The Hague - AFP
The Dutch agriculture cooperative Rabobank announced Wednesday it would cut more than a third of its local workforce, slashing 9,000 jobs over the next three years as it streamlines operations.
"The job losses will be mainly in the back office and support functions and will come on top of the reduction of 3,000 jobs already planned," said the bank, which has almost 24,000 employees in the Netherlands.
Rabobank, which emerged from small cooperative banks in the late 19th century serving farmers and horticulturists, made the announcement as it unveiled "its strategic direction" for 2016-2018.
Worldwide the bank employs just over 48,000 people and is active in 40 countries.

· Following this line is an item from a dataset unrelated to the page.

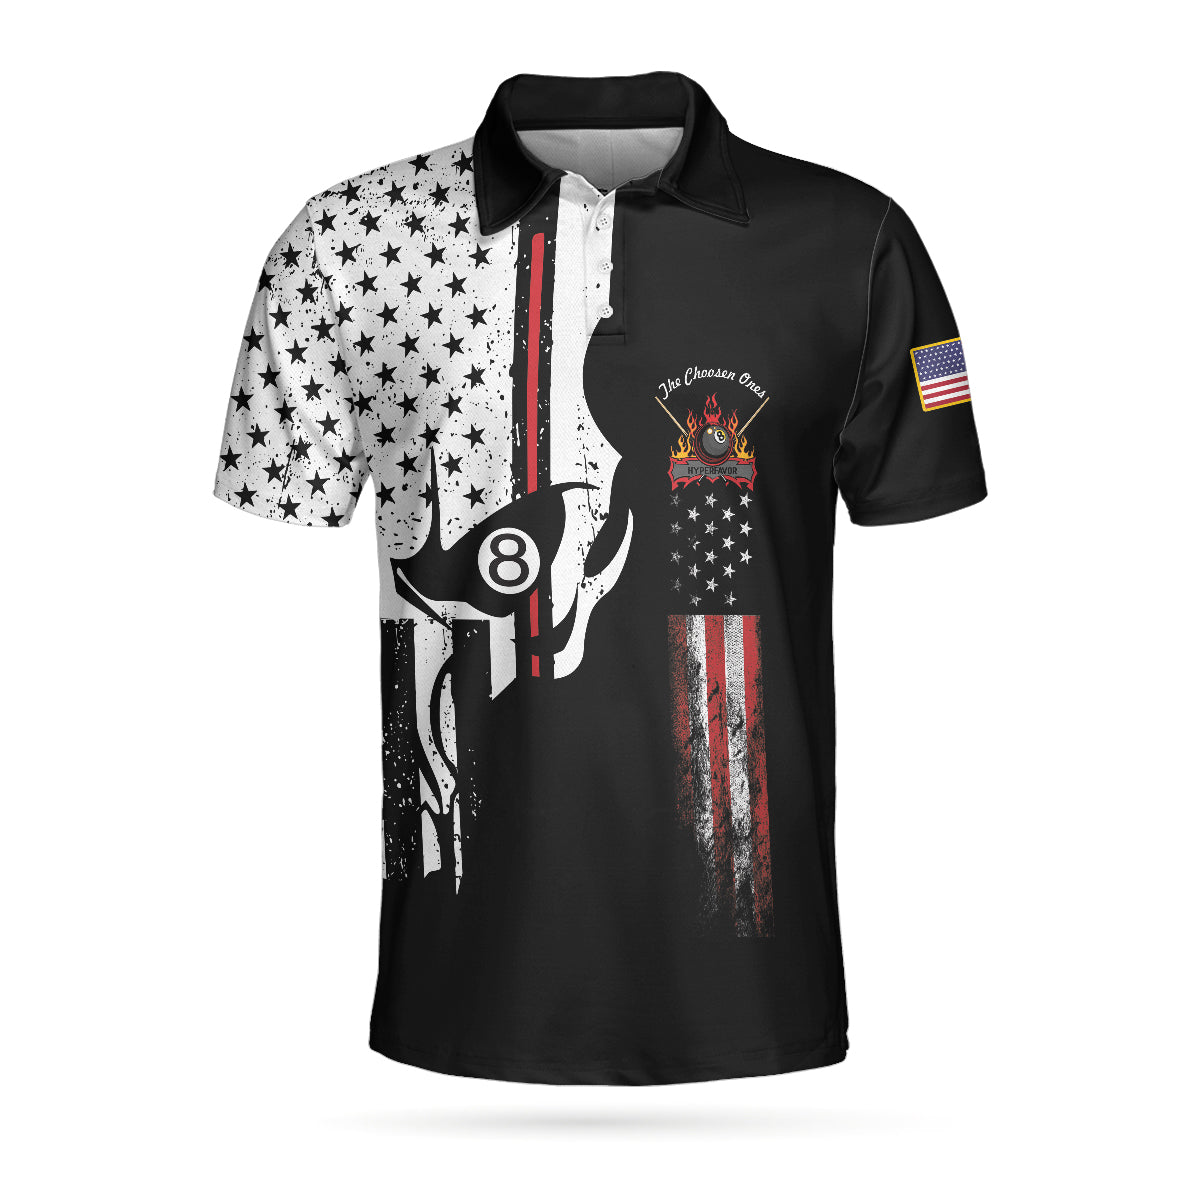 Men Polo Shirt - The Chosen Ones Skull Billiards Pool Polo Shirt, 8-ball Black And White Skull American Flag Billiards Shirt For Men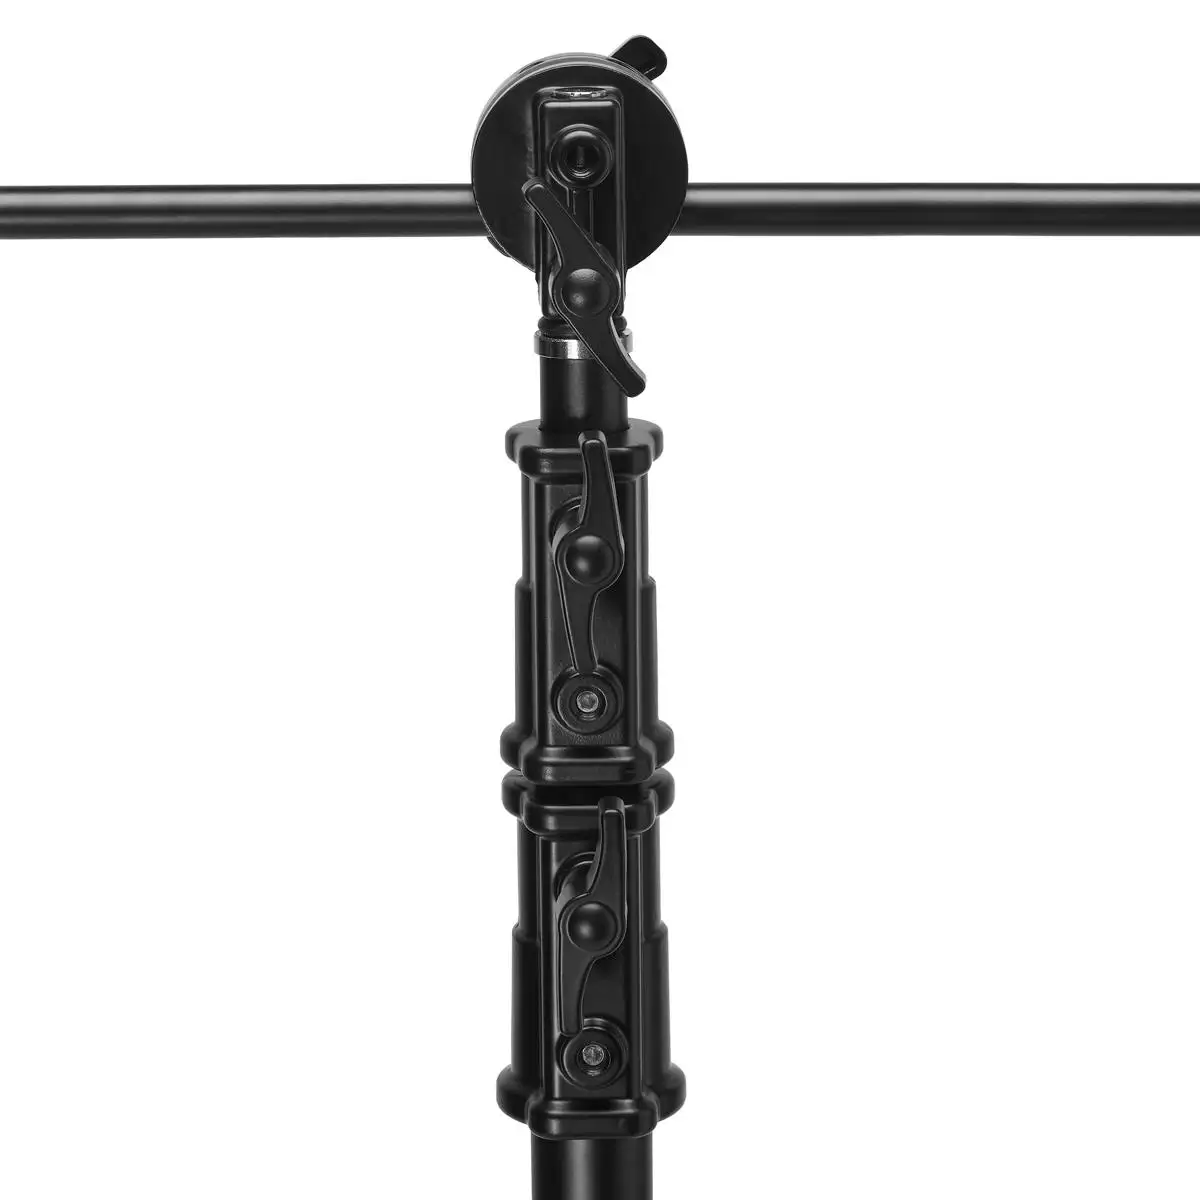 Supporto C per impieghi gravosi in acciaio inossidabile nero 1.5-3.3 metri treppiede robusto per fotografia regolabile con barra trasversale

But a spokeswoman for the bank confirmed to AFP the job losses would be within the Netherlands.
The bank wanted to ensure it can make a "substantial contribution to welfare and prosperity in the Netherlands" as well as to "feeding the world sustainably" by responding to changing consumer behaviour and new technological developments, it said in a statement.
The job losses would be phased in over three years, and would be achieved partly through natural wastage.
Rabobank would "make every possible effort to avoid compulsory redundancies," the statement said.
From January 1, the bank will now operate as one cooperative merging the 106 local Rabobanks -- a change which the member councils had already agreed to.
Union leader Reinier Castelein said "the job losses are not a surprise, but how many there will be, that is."
"It's thrown Rabobank employees into a period of uncertainty just before the holiday season," he told the public television NOS.
It is the third reorganisation to be carried out by the bank since 2011, which have already led to thousands of job losses.
"We need to make fundamental changes if we are to excel in customer focus," said the chairman of the board, Wiebe Draijer, adding changes had to come in "our businesses in the Netherlands and around the world."
He stressed customers increasingly want to conduct their banking via the Internet and Rabobank had to "seize the opportunities that innovation offers."
The bank did not receive any state help during the 2008 financial crisis, and had been seen globally as a good model.
But its image was tarnished by revelations that from May 2005 to January 2011 it allowed money market traders to manipulate Libor (London InterBank Offered Rate) submissions to benefit foreign currency trading positions.
In 2013 it was fined a total of 774 million euros (some $867 million then) by financial regulators in three countries for its role in the scandal, and paid the money to avoid prosecution.